Effects of transnasally delivered NPS (14 nmol) 4 h after application on mRNA levels in the prefrontal cortex and hippocampus of HAB mice. (a) Real-time PCR analysis of Hc lysate from HAB mice 4 h after intranasal NPS treatment. GluR2: t=1.540, df=8, p=0.1620; synapsin I: t=1.123, df=8, p=0.2940; synapsin II: t=1.339, df=5, p=0.2383. (b) Real-time PCR analysis of Pfc lysate from HAB mice 4 h after intranasal NPS treatment. GluR1: t=0.7371, df=7, p=0.4850; GluR2: t=0.7957, df=8, p=0.4492; Glt-1: t=0.2440, df=7, p=0.8143; synapsin I: t=0.8174, df=8, p=0.4373; synapsin II: t=0.4126, df=8, p=0.6907. HAB: n=5 for each group. Statistical analysis: Two-tailed unpaired t-test. tp<0.1, ^*p<0.05. All data are shown as mean±SEM.

Figure 8

Effects of transnasally delivered NPS (14 nmol) 24 h after application on protein levels in the prefrontal cortex and hippocampus of C57BL/6N and HAB mice. (a) Immunoblot analysis of hippocampal (Hc) lysate from C57BL/6N mice 24 h after intranasal NPS treatment.
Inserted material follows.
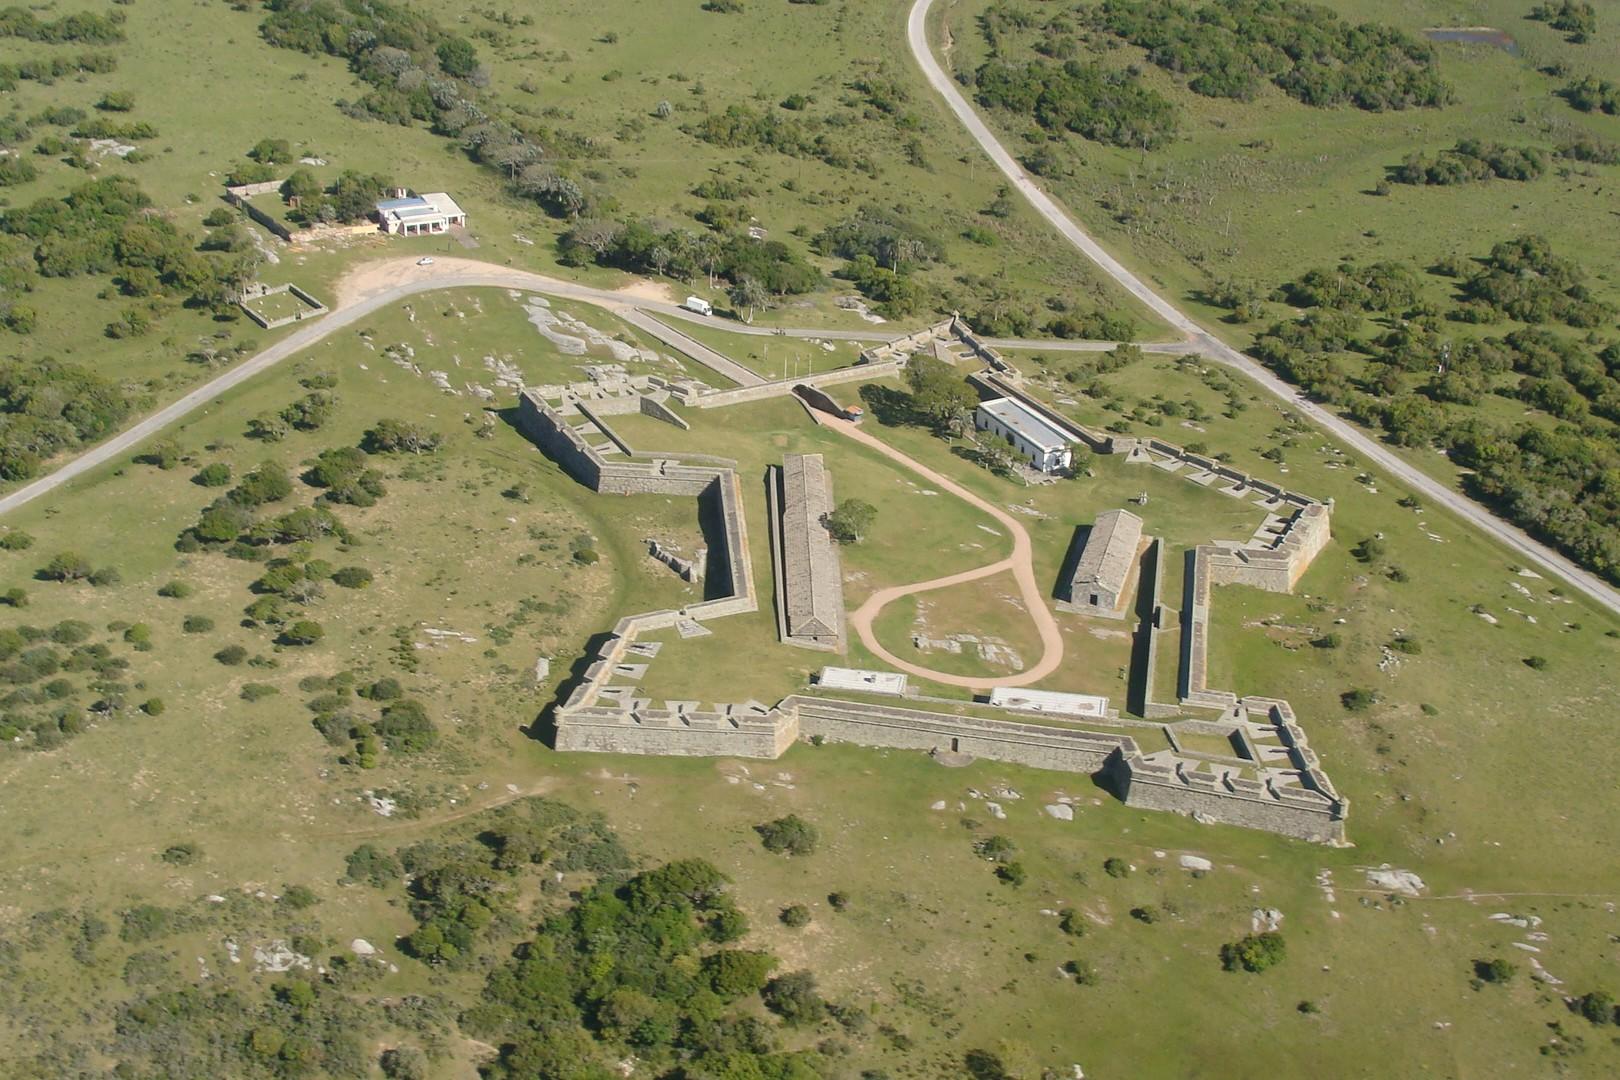 Parque Nacional de Santa Teresa no Uruguai: área
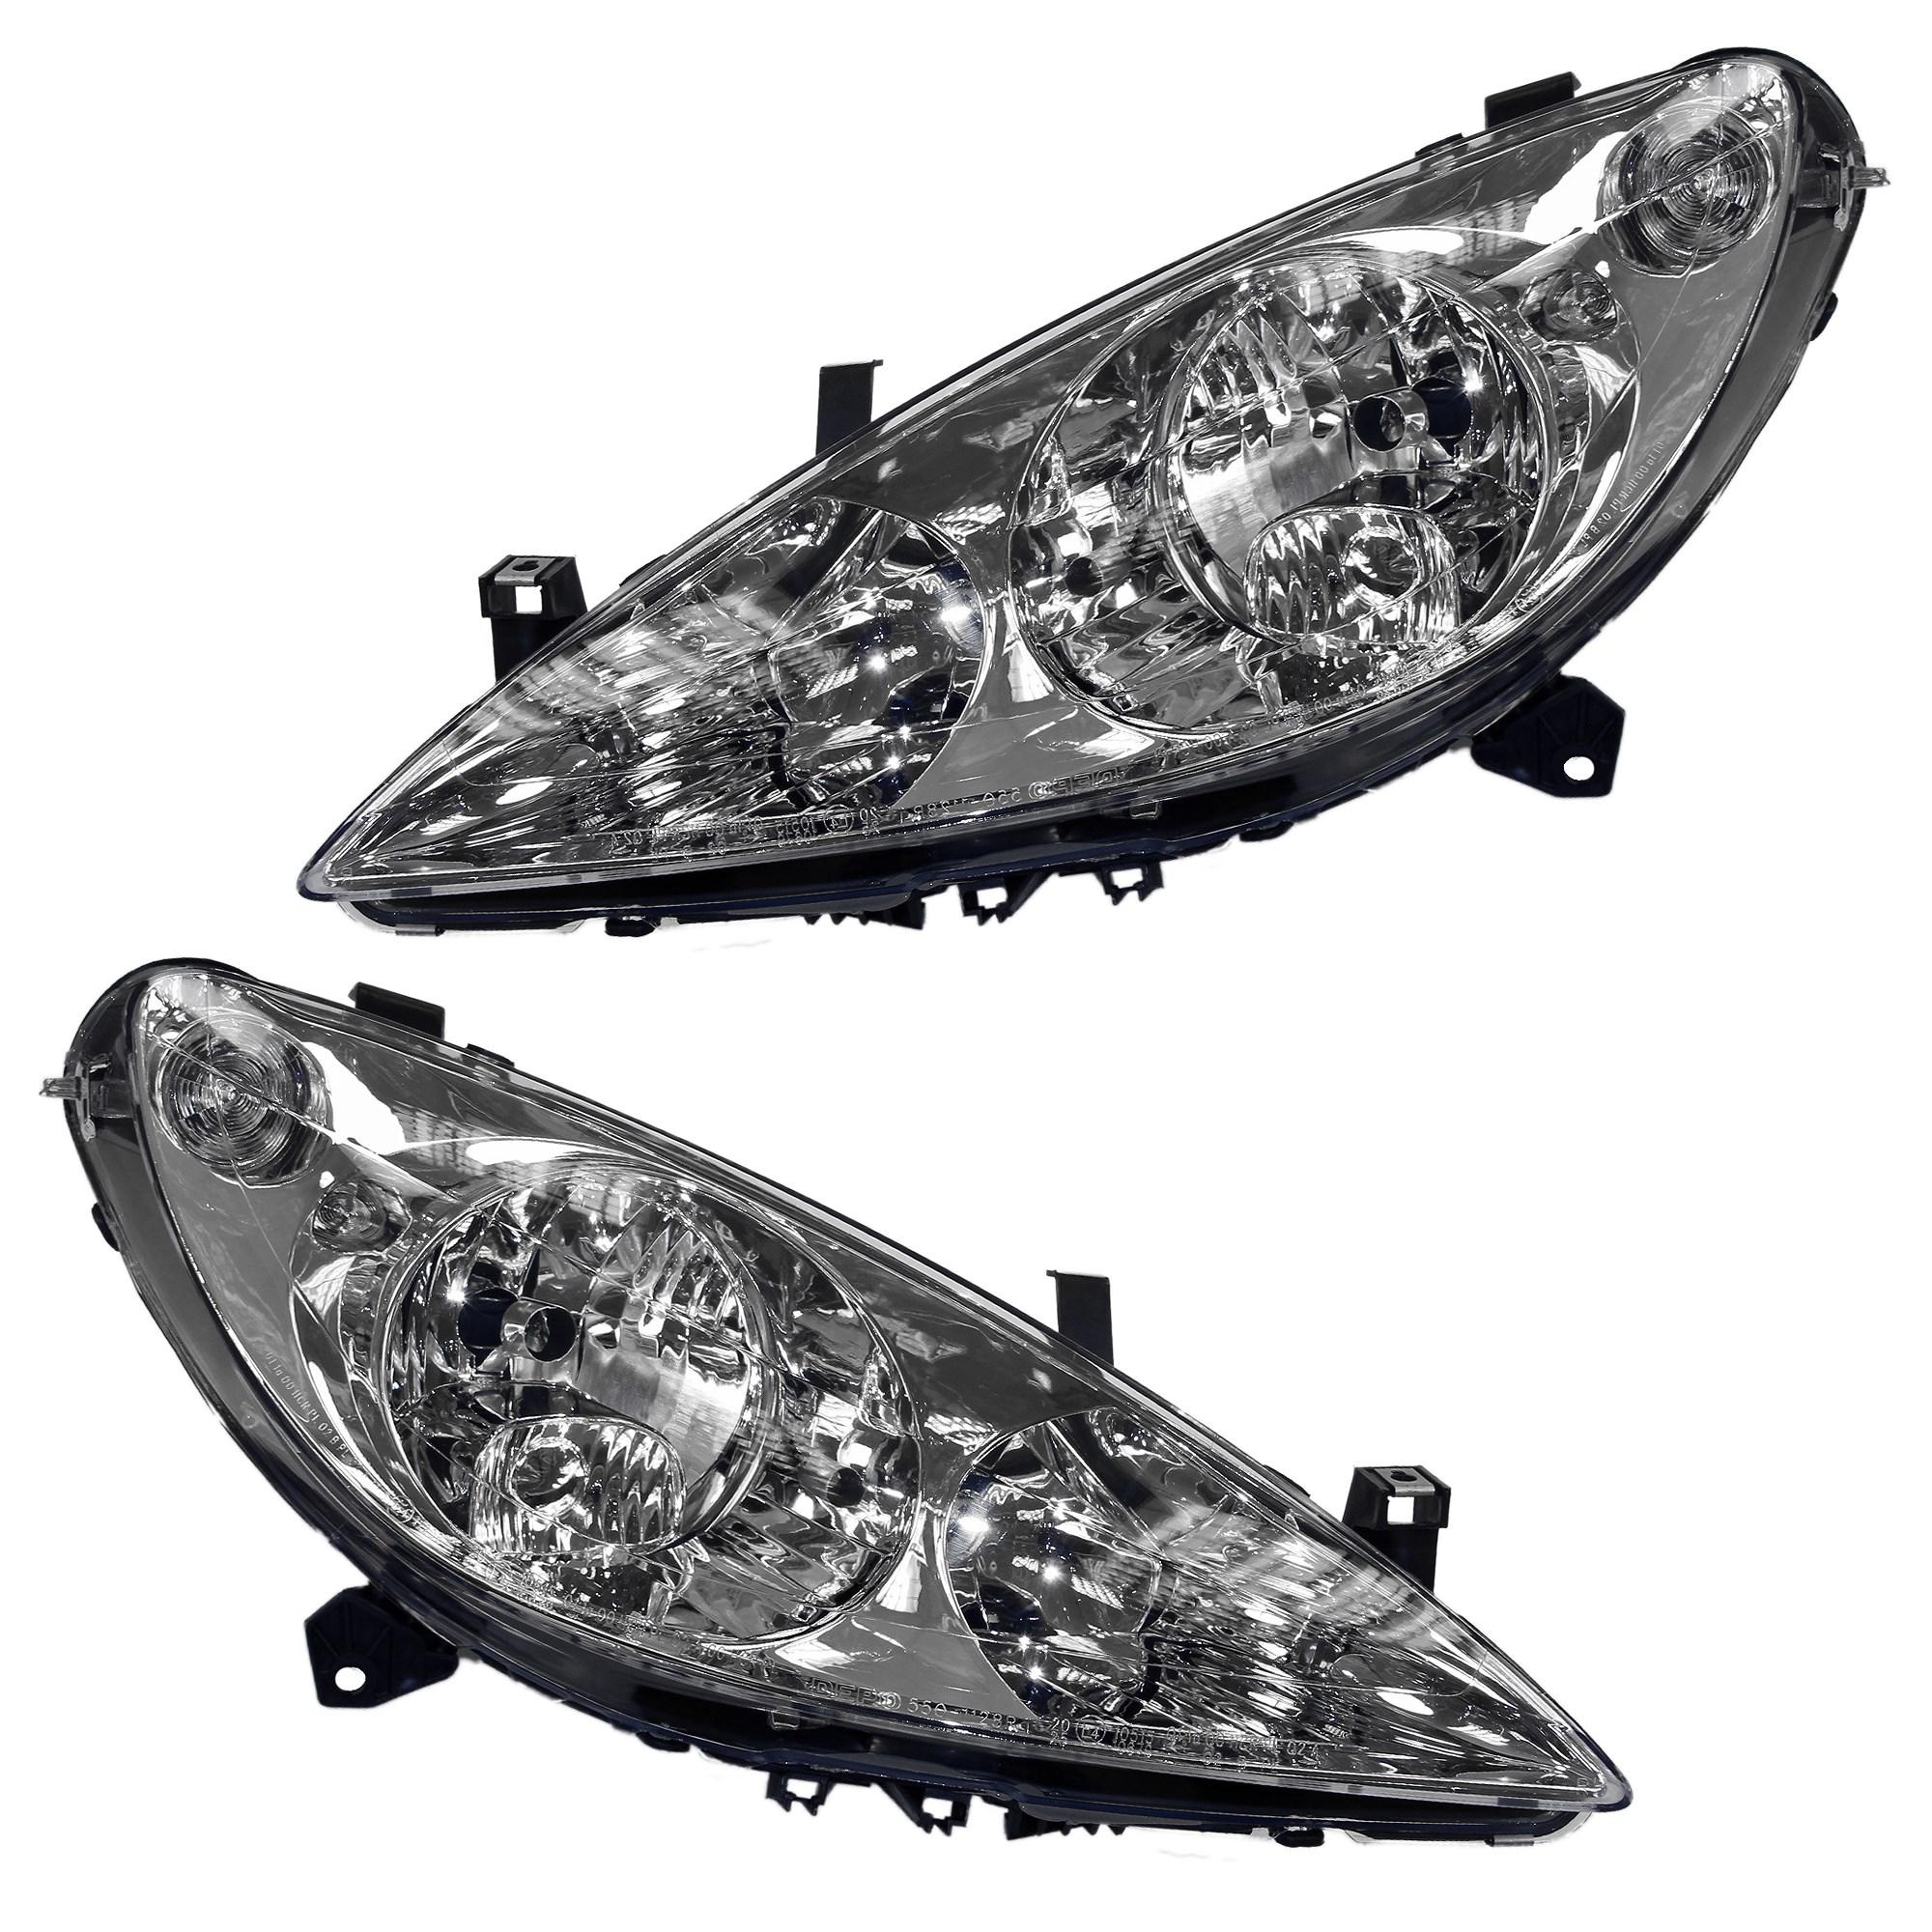 2x Scheinwerfer H7// H7 Typ VALEO mit Stellmotor links rechts,

GluR1: t=1.271, df=8, p=0.2396; GluR2: t=0.9666, df=8, p=0.3621; Glt-1: t=1.628, df=8, p=0.1421. (b) Immunoblot analysis of prefrontal cortex (Pfc) lysate from C57BL/6N mice 24 h after intranasal NPS treatment. GluR2: t=0.2798, df=8, p=0.7868; synapsin Ia–b/IIa: t=1.549, df=6, p=0.1601. (c) Immunoblot analysis of Hc lysate from HAB mice 24 h after intranasal NPS treatment. GluR1: t=0.2502, df=9, p=0.8081; GluR2: t=0.1124, df=10, p=0.9127; Glt-1: t=1.582, df=10, p=0.1447; synapsin Ia–b/IIa: t=1.197, df=9, p=0.2619. (d) Immunoblot analysis of Pfc lysate from HAB mice 24 h after intranasal NPS treatment. Glt-1: t=0.8817, df=9, p=0.4009; synapsin Ia–b/IIa: t=0.9739, df=10, p=0.3531. Internal expression control: GAPDH (35 kDa in immunoblot excerpts). The blot excerpts show three representative adjacent bands of each group. The immunoblot data represent cumulated data from at least three independent experiments. C57BL/6N: n=5 for each group. HAB: n=5 for each group. Statistical analysis: Two-tailed unpaired t-test. tp<0.1, ^*p<0.05, ^**p<0.01. All data are shown as mean±SEM.